Quote word for word from the line holding "Ufficio / Studio" to the last line below, including both, and omit any pictures.

**DATA SHOWN**
▬▬▬
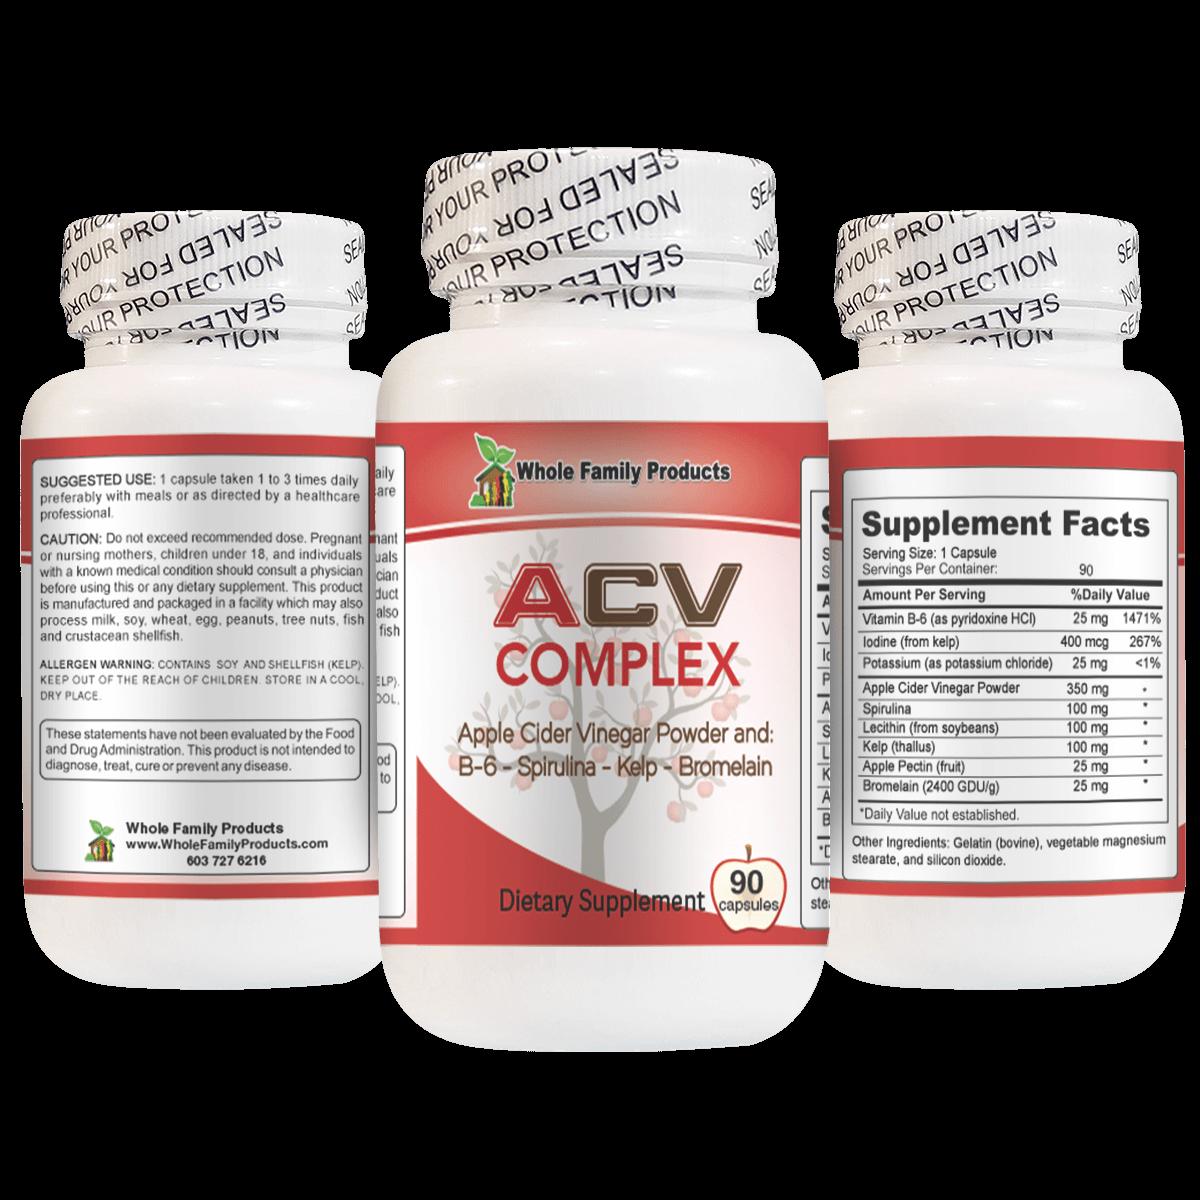 Best Apple Cider Vinegar Complex Powder for Weight Loss
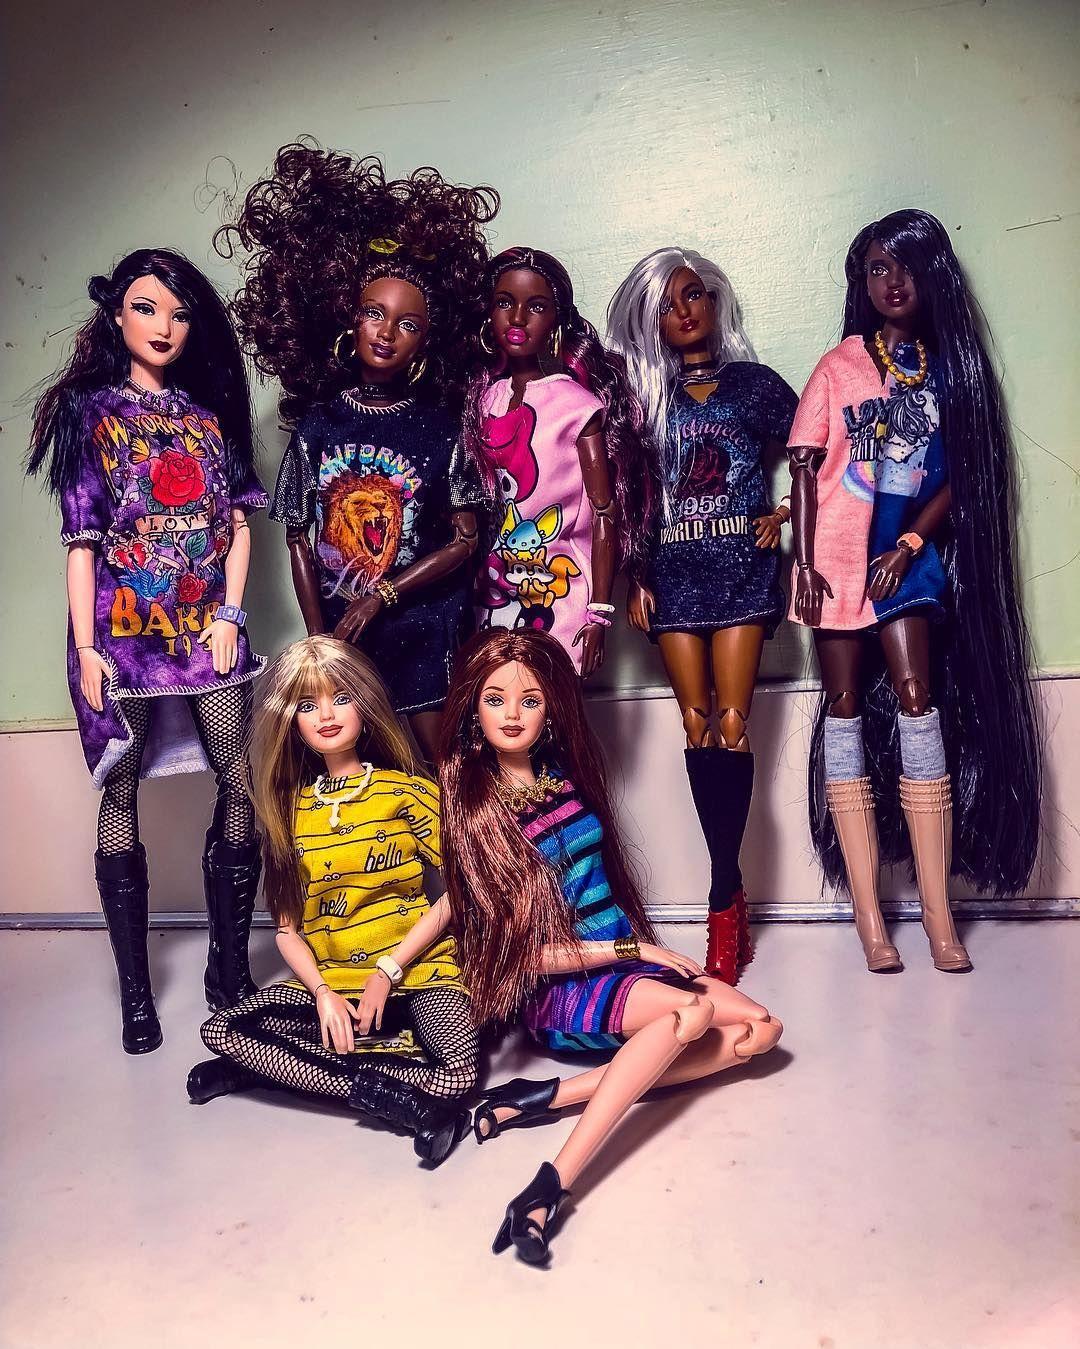 Пин от пользователя Olga Vasilevskay на доске Barbie ...
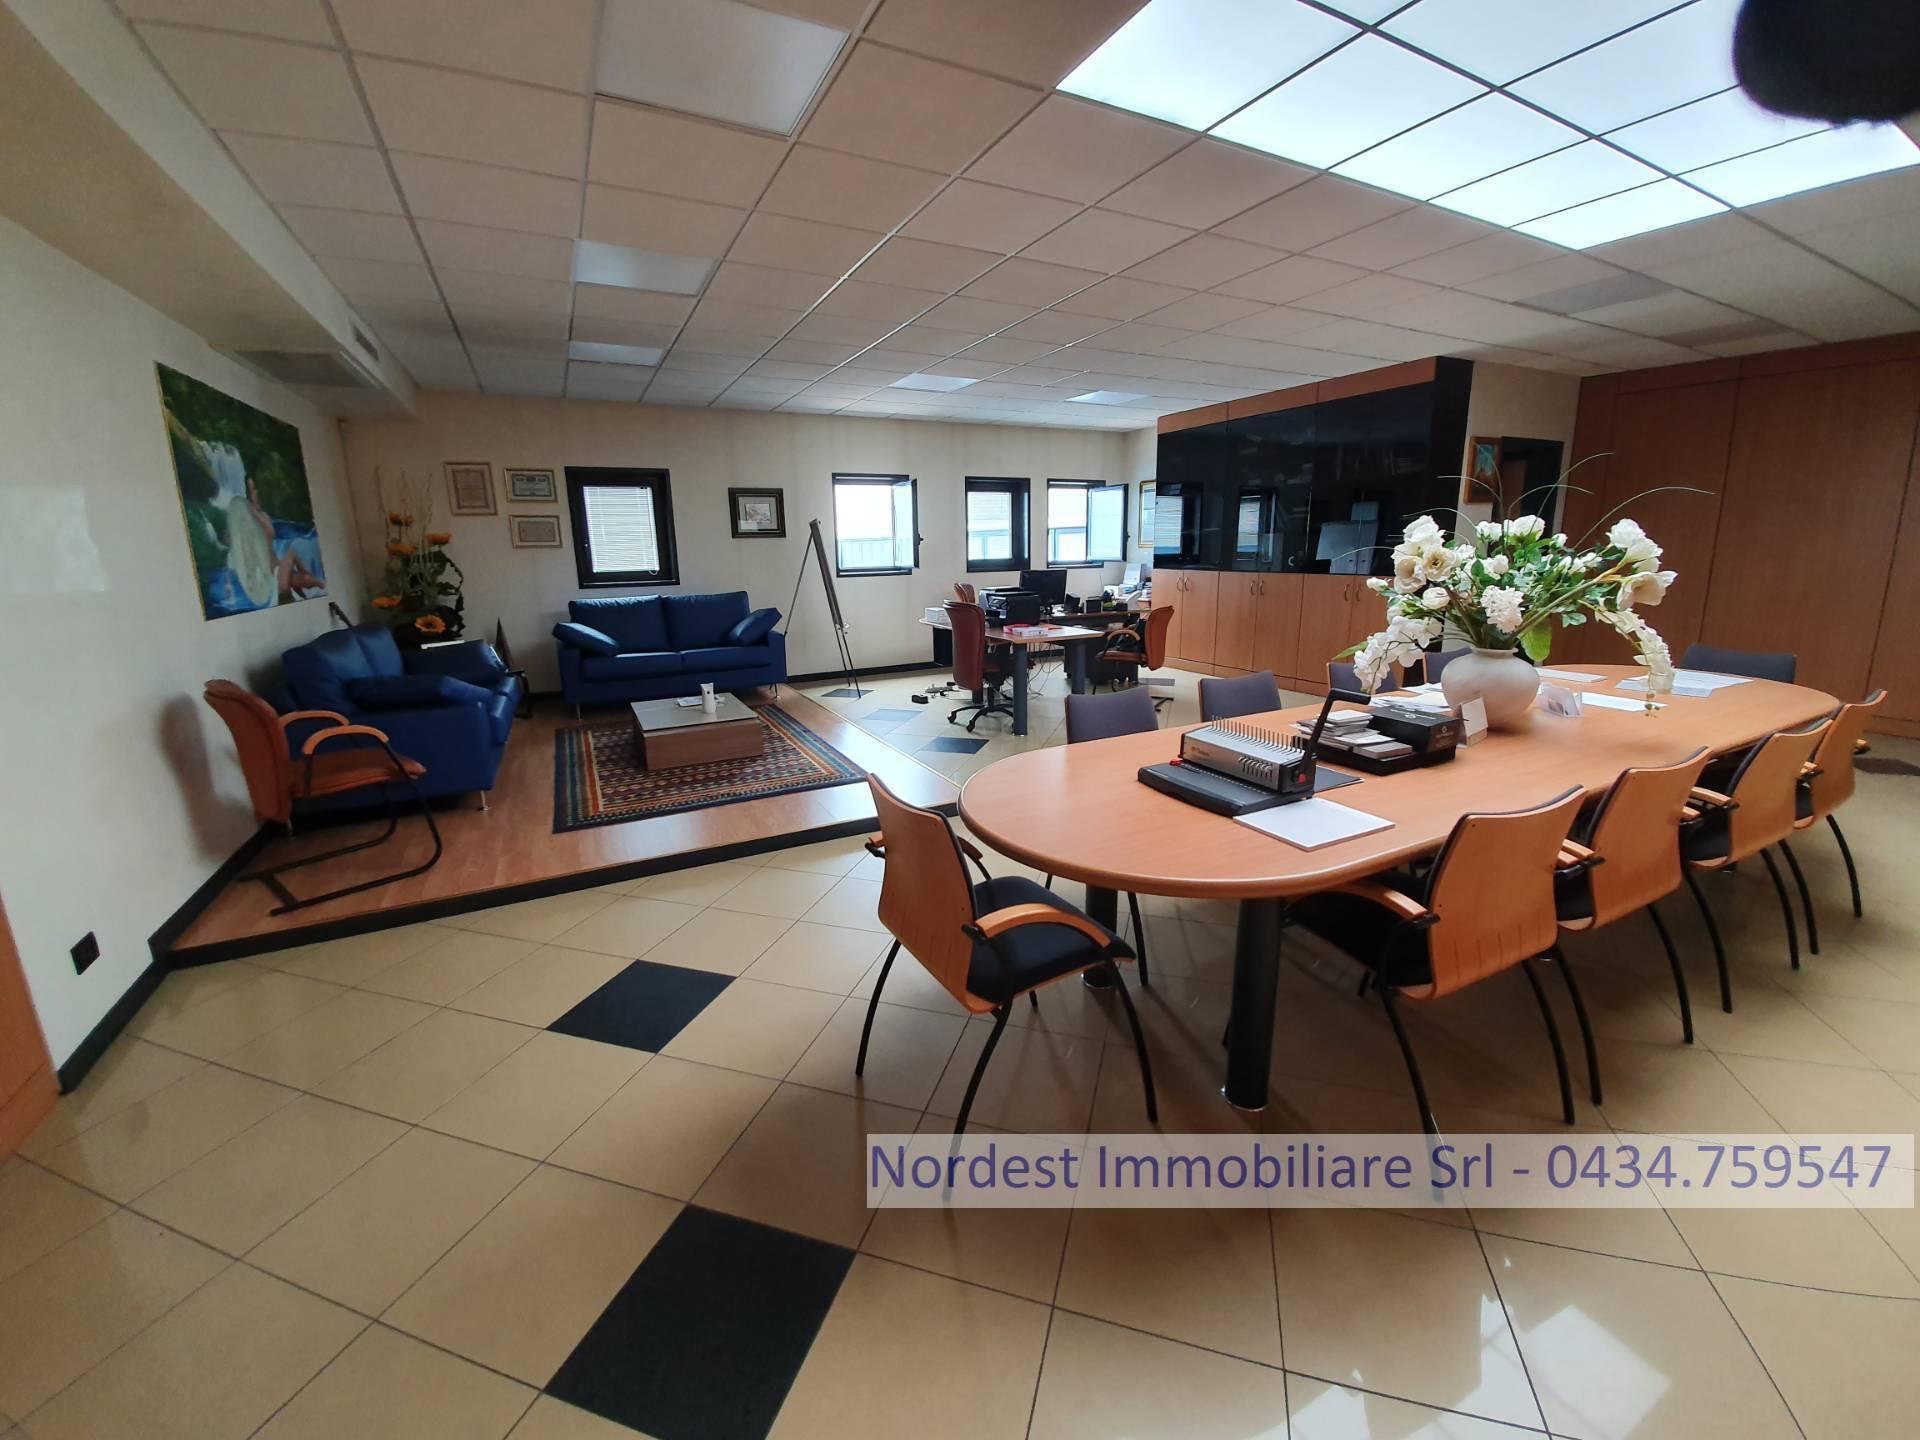 Ufficio / Studio in affitto a Sacile, 9999 locali, Trattative riservate | CambioCasa.it
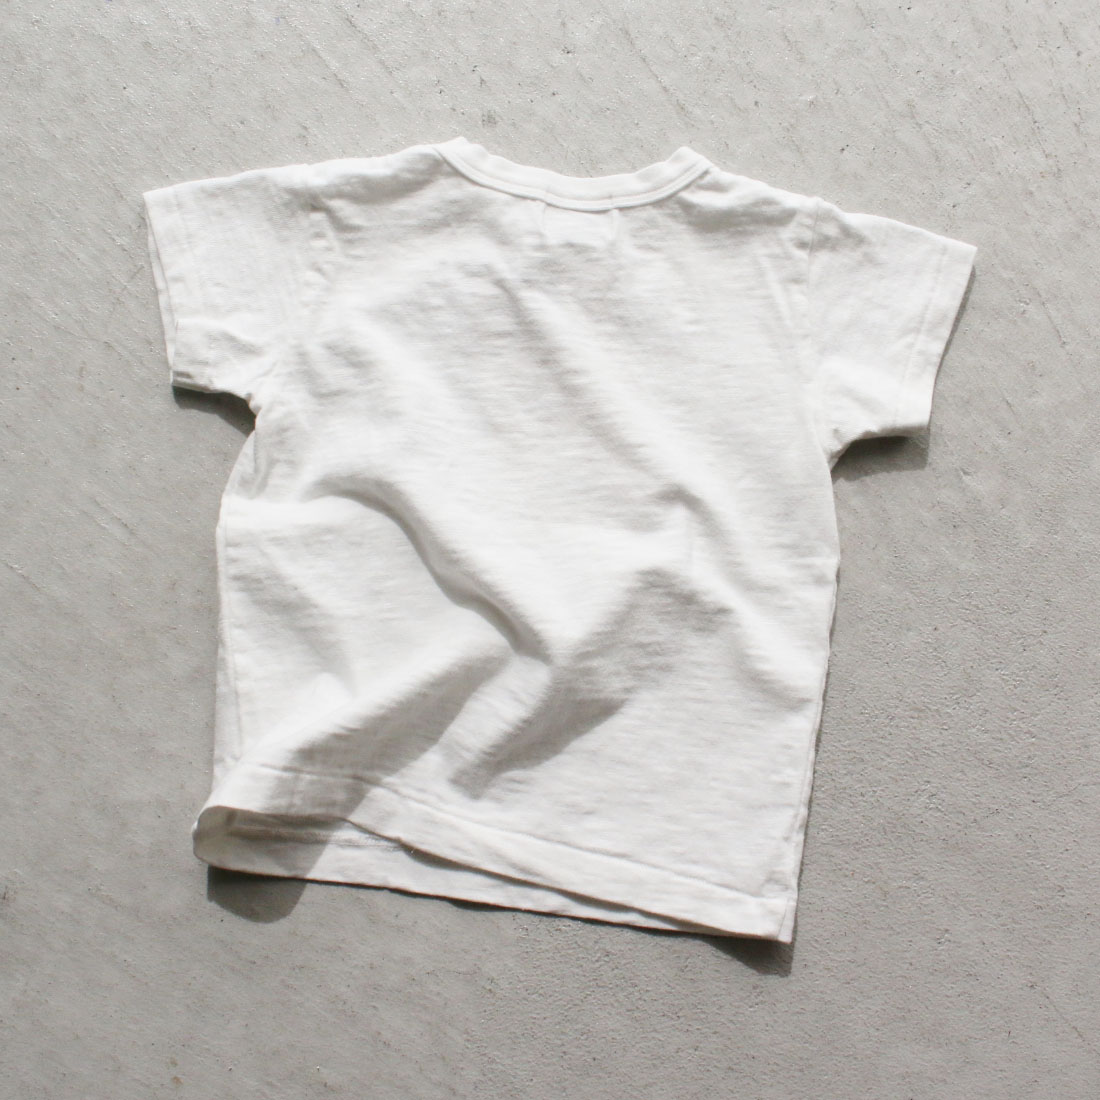 デニム&ダンガリー DENIM DUNGAREE D&D FAMILY BABY TEE(80cm 90cm 100cm)ベビー Tシャツ【メール便可】712419
▬▬▬
**SOLUTION TO THIS EXERCISE**
 Ufficio / Studio in affitto a Sacile, 9999 locali, Trattative riservate | CambioCasa.it
 デニム&ダンガリー DENIM DUNGAREE D&D FAMILY BABY TEE(80cm 90cm 100cm)ベビー Tシャツ【メール便可】712419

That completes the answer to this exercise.